No fight against terrorism can ignore the circumstances that breed it; nor can it equate the struggle of a people for freedom and national independence with meaningless, nihilistic acts of hopelessness; nor should it apply a racist double-standard policy. All victims of terrorism — whether Palestinians, Iraqis, Rwandans, Congolese, Vietnamese, Muslims, Christians or Jews — are equal. To murder 500,000 innocent Iraqi children and consider it “worth the price” as the former US Secretary of State Madeleine Albright stated, is in no way less inhumane than the terrorist attacks in New York. Reason and rationality, within the Iraqi and Palestinian context, are not referred to because they are simply “them,” not “us.” Whereas in New York, it is “us” who are bleeding. Our suffering is not to be compared to “theirs;” theirs is worth the price. Our mothers cannot bear the pain of losing their loved ones, whereas “their” mothers send their children to be killed. Their “irrational,” “barbaric” terrorism against “us” will be met with our technological “crusade;” a war that will eradicate “them” completely.

Here comes the importance of the secular interested who are neither with Bush, nor with the terrorists. They are for international peace and security that protect all and favor none. Terrorism should not be tolerated. Nor should it be defined only by those who see their mission as a “crusade.”

The abundant ignorance of numerous TV pundits, in America and abroad, is not surprising at all. One needs to mention the “spectacular” Gulf War and the celebrated bewildering state terrorism that accompanies it. But are the events of 11 September 2001 really surprising? Asked differently, can these events be understood without contextualizing them? A day after the attack, one of the American guests on a famous South African radio program, the Tim Modise Show, claimed that American adventures overseas amount to “misunderstanding” and ignorance of other cultures, whereas the terrorist attacks on the World Trade Center and the Pentagon are malicious.

Prior to the disaster that befell America, President Bush had decided to restart the missile defense program. And he was adamant not to intervene and try to put an end to the Israeli aggression in Palestine — a just peace in the Middle East seems so slippery, and the sole superpower just shrugged its shoulders. If a “great power” such as the US decides to withdraw from one of the most important conferences taking place in the 21st century, namely the World Conference Against Racism in Durban, because of the conference”s desire to support the Palestinian people and to discuss reparation for those who suffered from slavery, it becomes obvious, then, that anxiety, anger and uncertainty are to prevail. As many intellectuals have argued, the Durban Conference was a very serious missed opportunity for the US to rethink it role in the new millennium.

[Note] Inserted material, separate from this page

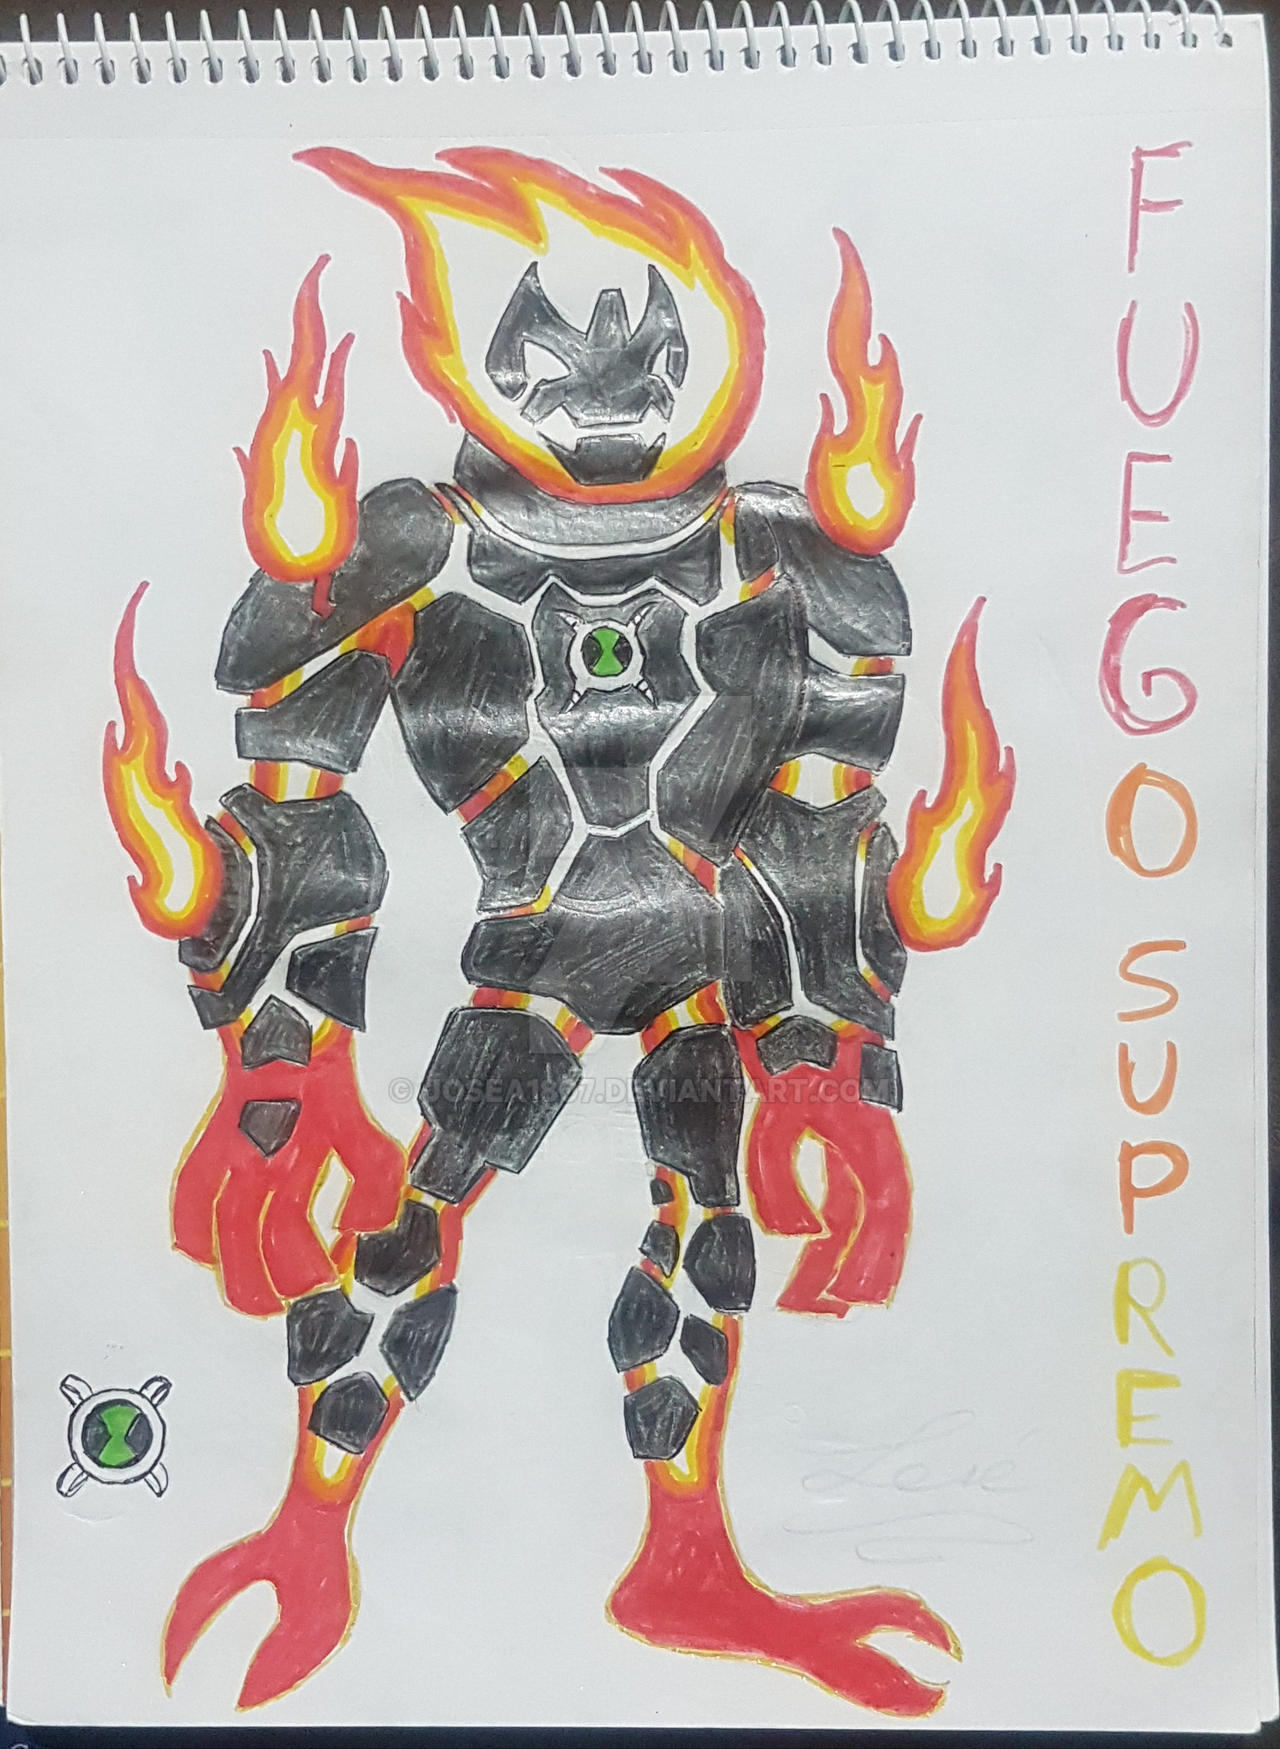 Ben 10 Alien - Fuego Supremo by Crisaurus006 on DeviantArt

The only solution is not war, but rather a serious, comprehensive attempt on the part of the American government to put it off, and fight all forms of fundamentalism and terrorism by creating better conditions for those whose lives have become indistinguishable from their deaths. Will Bush, or his successor, ever try to understand it? I very much doubt it.

Haidar Eid is Associate Professor in Cultural Studies at Al-Aqsa University in occupied Gaza.